1. Field of the Invention
This invention generally relates to a surface acoustic wave device, and more particularly, to a surface acoustic wave device having a shield electrode and at least one interdigital transducer (hereinafter referred to as IDT) on a piezoelectric material substrate (hereinafter referred to as piezoelectric substrate).
2. Description of the Related Art
In these years, the above-mentioned type of surface acoustic wave (hereinafter referred to as SAW) has been employed for a bandpass filter in a television set having a frequency range of 30 MHz to 400 MHz and an RF filter in a mobile telephone having a frequency range of 800 MHz to several GHz. An IDT includes a pair of comb-like electrodes. Each comb-like electrode is composed of a bus bar and electrode fingers having first edges connected to the bus bar and second edges that are open. A pair of comb-like electrodes is arranged so that the electrode fingers of the comb-like electrodes are alternately crossed or interleaved at regular intervals. In other words, the interleaved electrode fingers are alternately connected two bus bars. A SAW is generated by applying an alternating voltage across the pair of comb-like electrodes. The SAW has a frequency response by which a filter having a desired frequency characteristic is obtainable.
FIGS. 1A and 1B show a conventional SAW device. FIG. 1A shows an overall schematic diagram of the conventional SAW device, and FIG. 1B shows an enlarged view of a shield electrode shown in FIG. 1A. The SAW device shown in FIGS. 1A and 1B includes a first IDT 10 that is arranged on a piezoelectric substrate 50, a shield electrode 20, and a second IDT 30. The first IDT 10, the shield electrode 20, and the second IDT 30 are adjacently arranged in the direction of SAW propagation. The shield electrode 20 is arranged between the first IDT 10 and the second IDT 30. For instance, the first IDT 10 serves as an input electrode, and the second IDT 30 serves as an output electrode. The shield electrode 20 prevents electromagnetic coupling of the first IDT 10 and the second IDT 30.

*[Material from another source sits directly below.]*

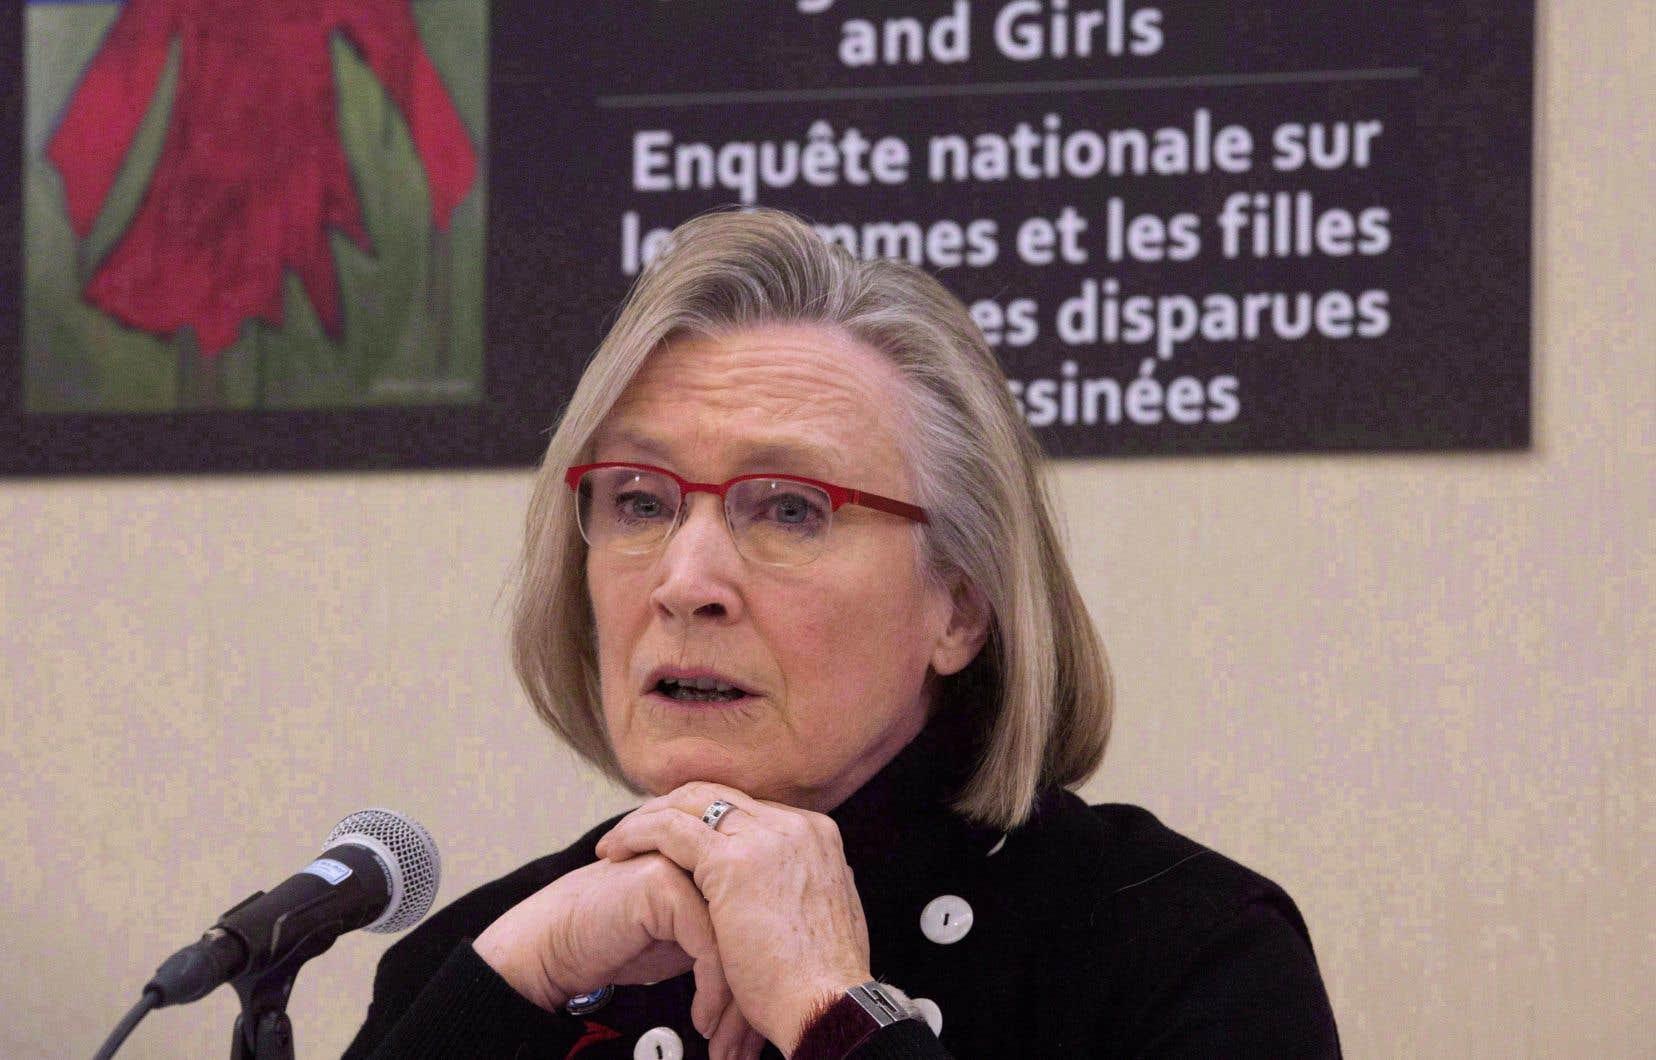 La ministre des Relations Couronne-Autochtones, Carolyn Bennett, se prononcera bientôt sur la demande de prolongation de l'enquête nationale sur les femmes autochtones.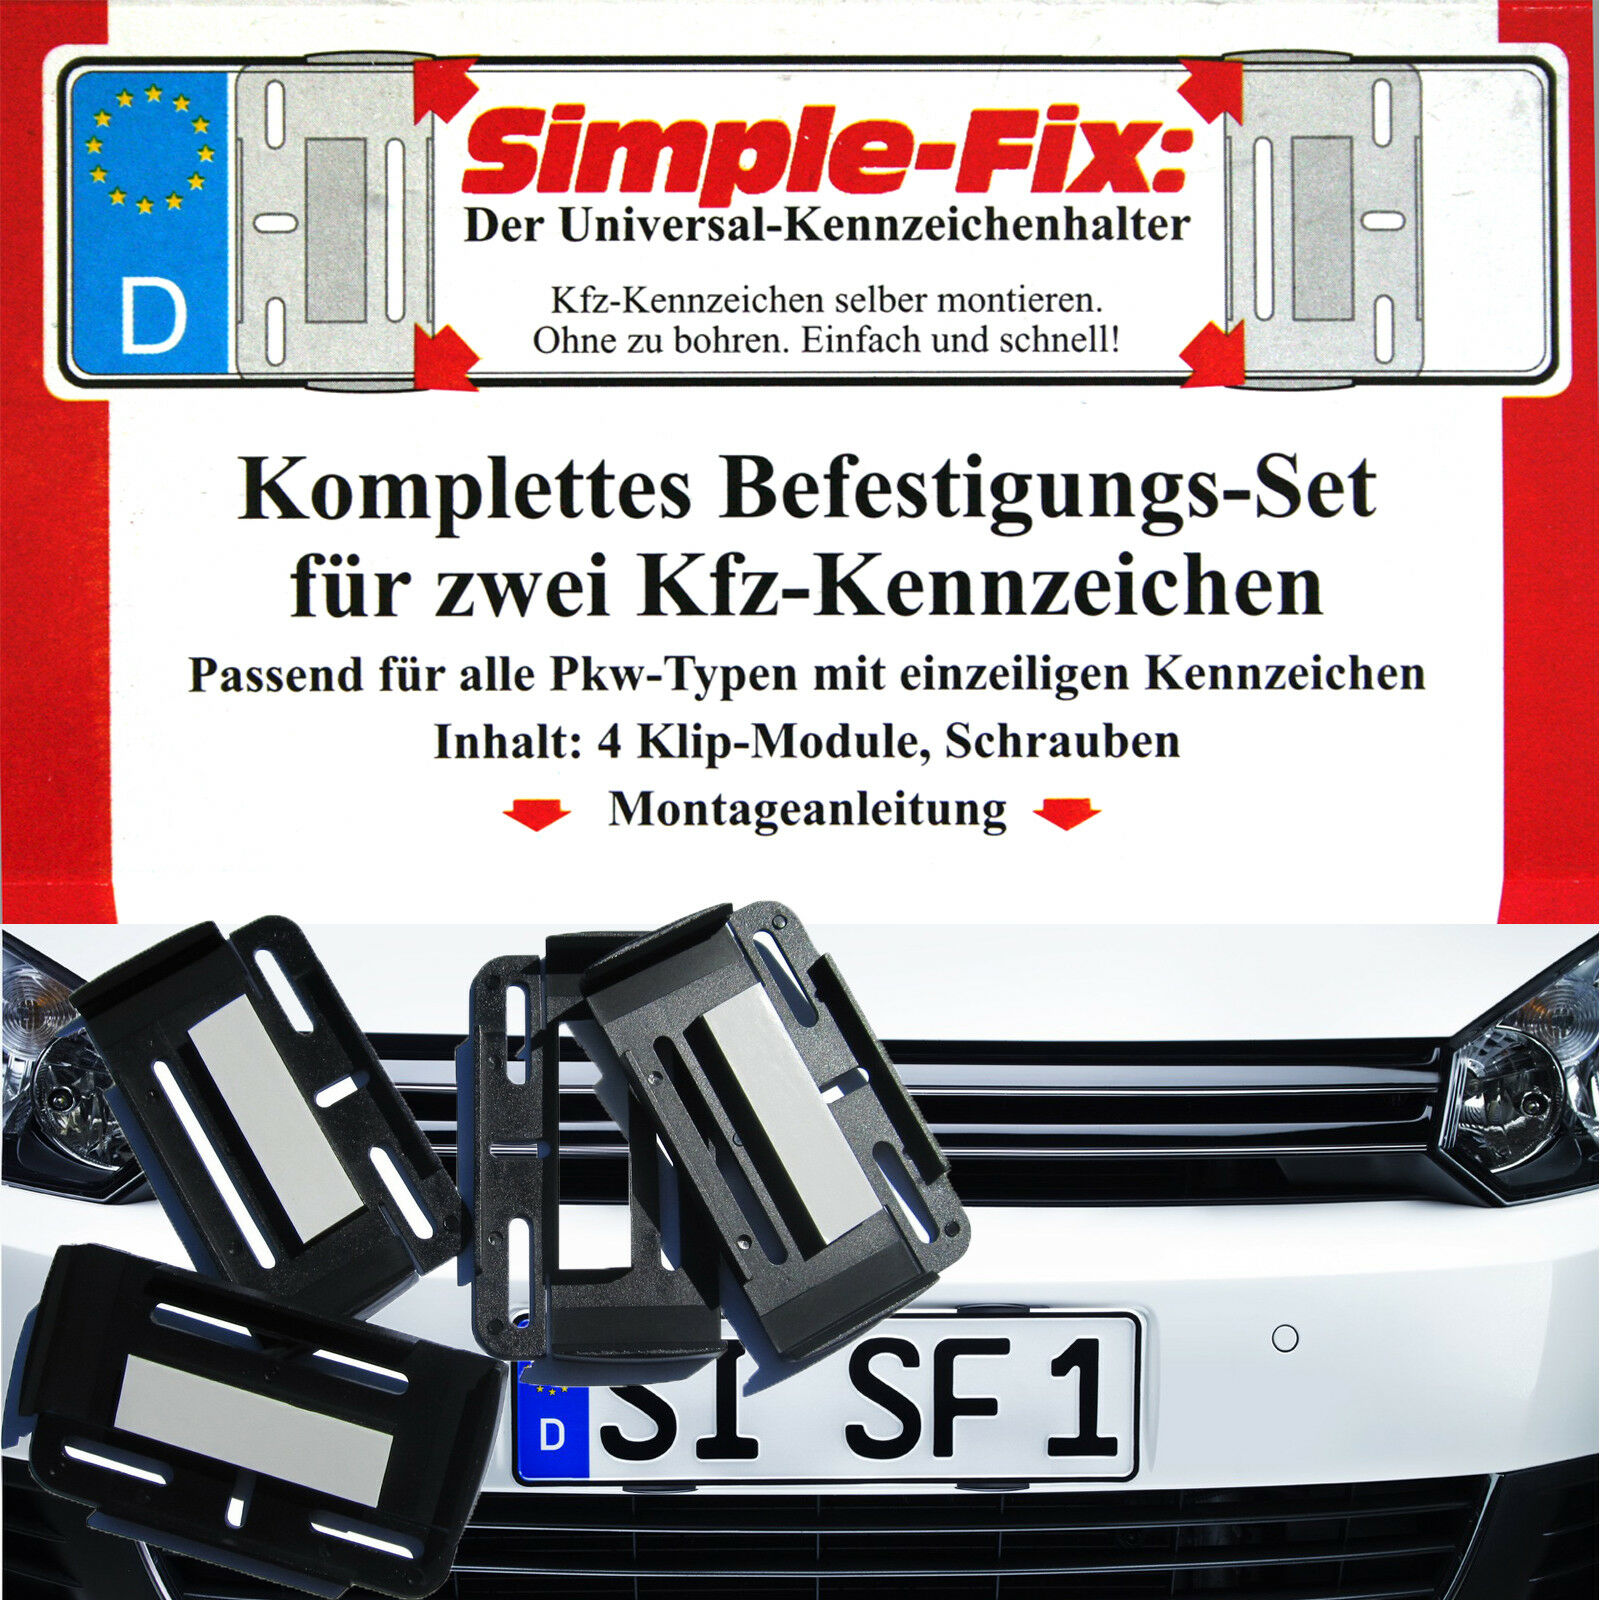 Kennzeichenhalter Simple fix 2er-set | eBay

The IDT 30 includes a pair of comb-like electrodes 30a and 30b. The comb-like electrode 30a includes a bas bar and multiple electrode fingers. The comb-like electrode 30b also includes a bas bar and multiple electrode fingers. The open edges of the electrode fingers 30a face those of the electrode fingers 30b. The crossing portions of the interleaved electrode fingers that face each other are involved in excitation of SAW. As shown in FIG. 1B, an electrode finger pattern is weighted. The electrode finger pattern is defined as a pattern formed by the electrode fingers. The electrode finger pattern may by weighted by, for example, apodization. The weighting of the electrode finger pattern may alter the frequency characteristic.
The IDT 10 also includes a pair of comb-like electrodes; however, the IDT 10 is not weighted, which is different from the IDT 30. In other words, the electrode fingers of the IDT 10 have an equal crossing width.
The above-mentioned filter functions as a bandpass filter. This type of bandpass filter has a problem in that undesired waves are generated from the electrode finger edges of the IDT 30. The undesired waves degrade the frequency characteristic.
In order to remove the undesired waves, antireflection electrodes 40 are arranged on one side of the IDT 30 adjacent to the shield electrode 20, as shown in FIG. 1B. The antireflection electrodes 40 include multiple electrode fingers. The multiple electrode fingers are configured so that the undesired waves are generated so as to be equal in amplitude but opposite in phase. Thus, the undesired waves can be cancelled by each other. The above-mentioned conventional technique is disclosed in, for example, Japanese Laid-Open Patent Application Publication No. 57-25714 (hereinafter referred to as Document 1) or Japanese Laid-Open Patent Application Publication No. 59-125113 (hereinafter referred to as Document 2).
Japanese Laid-Open Patent Application Publication No. 10-41778 (hereinafter referred to as Document 3) discloses a technique to remove the undesired waves propagating inside the piezoelectric substrate. The publication shows the use of a dummy electrode arranged on one side of the IDT 30.
Further, Japanese Laid-Open Patent Application Publication No. 58-43608 (hereinafter referred to as Document 4) shows that the crossing portions of the IDT 30 has a tilt in arrangement, as shown in FIG. 2. The tilt arrangement prevents undesired bulk waves from being generated.
However, the techniques disclosed in Documents 1, 2, and 4 are intended to remove the undesired waves generated between the input IDT and a stem in the direction of the thickness of the piezoelectric substrate, or to remove the undesired waves generated solely at one side of the input IDT. Even if the above-mentioned undesired waves are removed, there is another problem in that a satisfactorily high attenuation in the stopband cannot be achieved. Besides, the technique disclosed in Documents 3 cannot remove the undesired excitation completely, since minute crossing portions exist on the side of the IDT 30. Thus, the undesired excitation cannot be removed completely, so that the signals cannot be sufficiently attenuated in the stopband.